Photo: Lee Hong Liang IMO GHG.jpg
The shipping industry is continuing its trend of decoupling emissions growth from the global growth of seaborne trade, according to IMO’s fourth Greenhouse Gas Study.

The study shows a 40% increase in seaborne trade between 2008 and 2018 while also recognising that CO2 emissions from shipping fell by 10% over the same period. Notably, seaborne trade doubled between 1999 and 2018.

The decoupling has been made possible by significant improvements in carbon intensity, which is now between 21% and 29% better than in 2018, across international shipping.

However, the report points out that improvements in technical efficiencies alone will not be enough for shipping to reach the target of halving emissions by 2050 compared to 2008 levels under IMO’s greenhouse gas (GHG) reduction goal.

“While these are encouraging signs, it’s clear that if we are to achieve a 50% total cut in CO2 by 2050 efficiency gains will not be enough. To realise our goal for a decarbonised future, governments must get behind the adoption of the international R&D fund proposal submitted to the IMO last year,” said Guy Platten, secretary general of the International Chamber of Shipping (ICS).

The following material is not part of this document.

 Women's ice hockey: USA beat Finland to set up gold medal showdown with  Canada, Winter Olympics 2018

Proposals have been put forward last year for a levy to be placed on the cost of a tonne of fuel to create a $5bn R&D fund that aims to develop zero-carbon ships.

“This has the potential to develop the vital technology that will allow us to reach our zero-emission future. The R&D fund will pave the way for vital technological advancements, including the development of zero-carbon fuels and ships,” Platten said.

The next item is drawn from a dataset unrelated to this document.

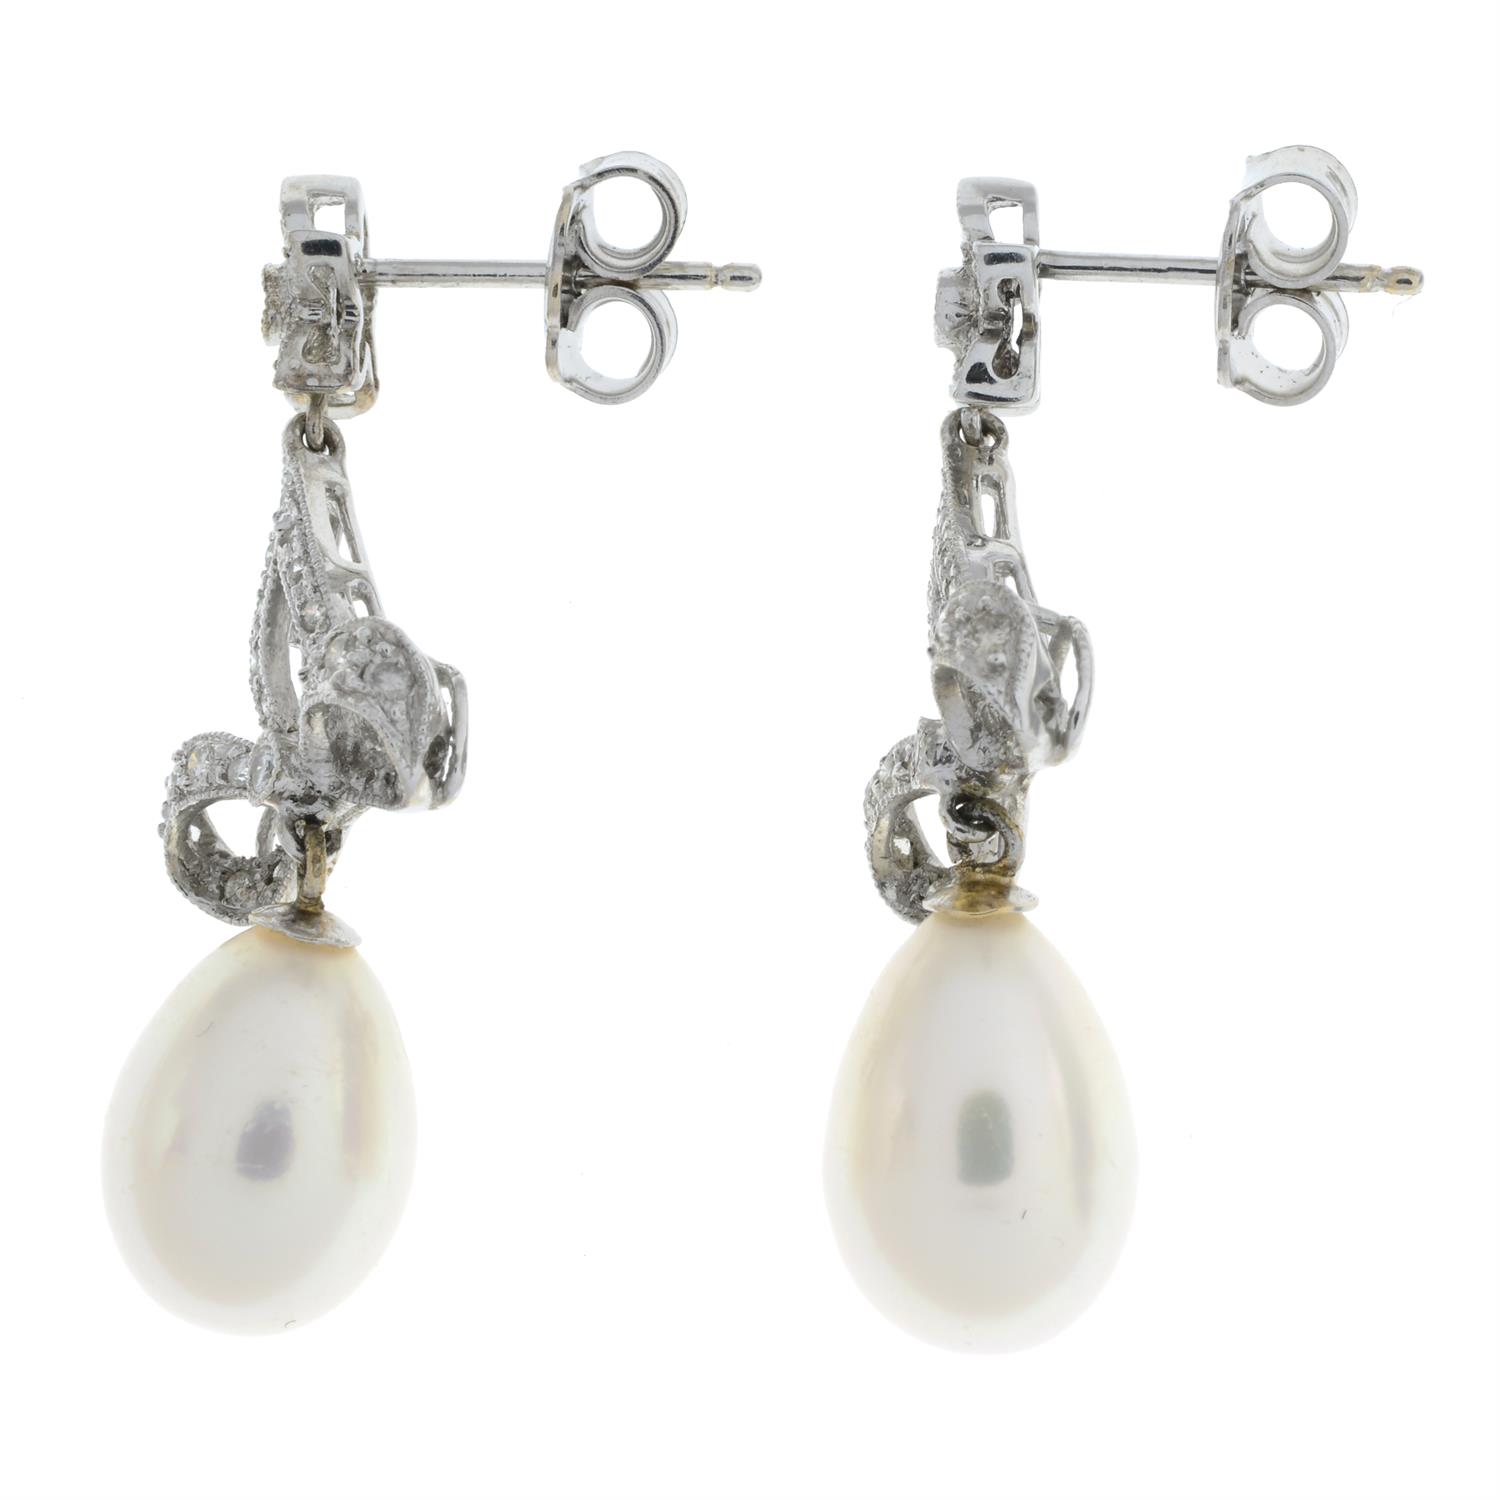 Cultured pearl and diamond earrings - Image 4 of 4

ICS further pointed out that the study has not considered the Covid-19 pandemic which is currently having a considerable impact on the industry. The WTO expects a 15% to 30% contraction in worldwide trade in 2020, which will further reduce the level of emissions from shipping.

Moreover, as underlined in the study, further improvements in the efficiency of conventional oil-fuelled ships will not be able to phase out carbon emissions entirely.

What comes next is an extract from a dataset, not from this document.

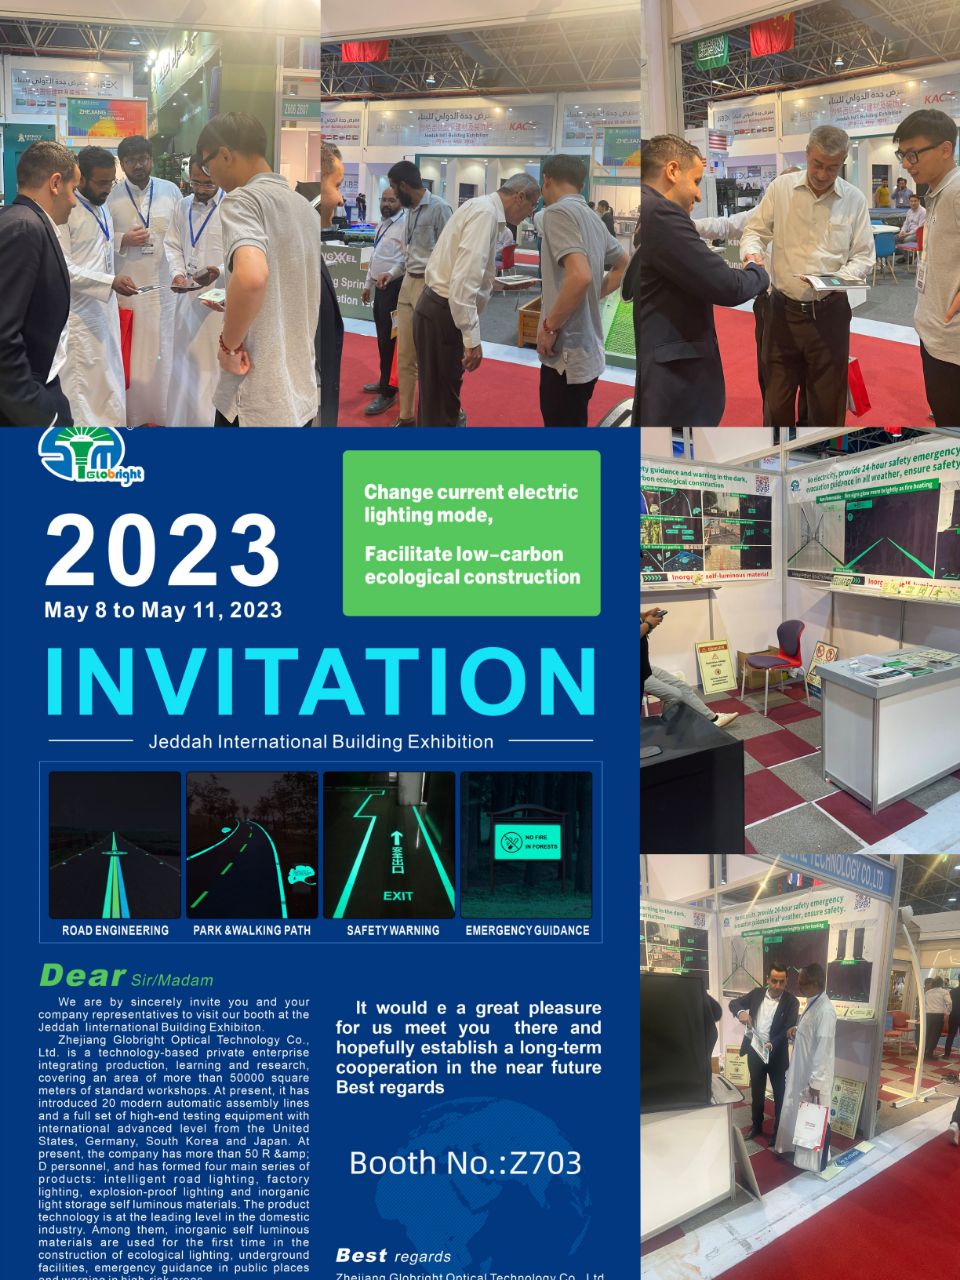 Self luminescent materials were warmly sought after at the Jeddah exhibition.

“In the short term the reduction in worldwide trade, due to the Covid-19 pandemic could result in reduced emissions. However, this will also severely impact economies and the attainment of the UN Sustainable Development Goals. Governments will therefore need to work with the IMO to ensure that shipping can play its part in the global recovery, whilst also ensuing the development of the zero-emission ships of tomorrow,” Platten said.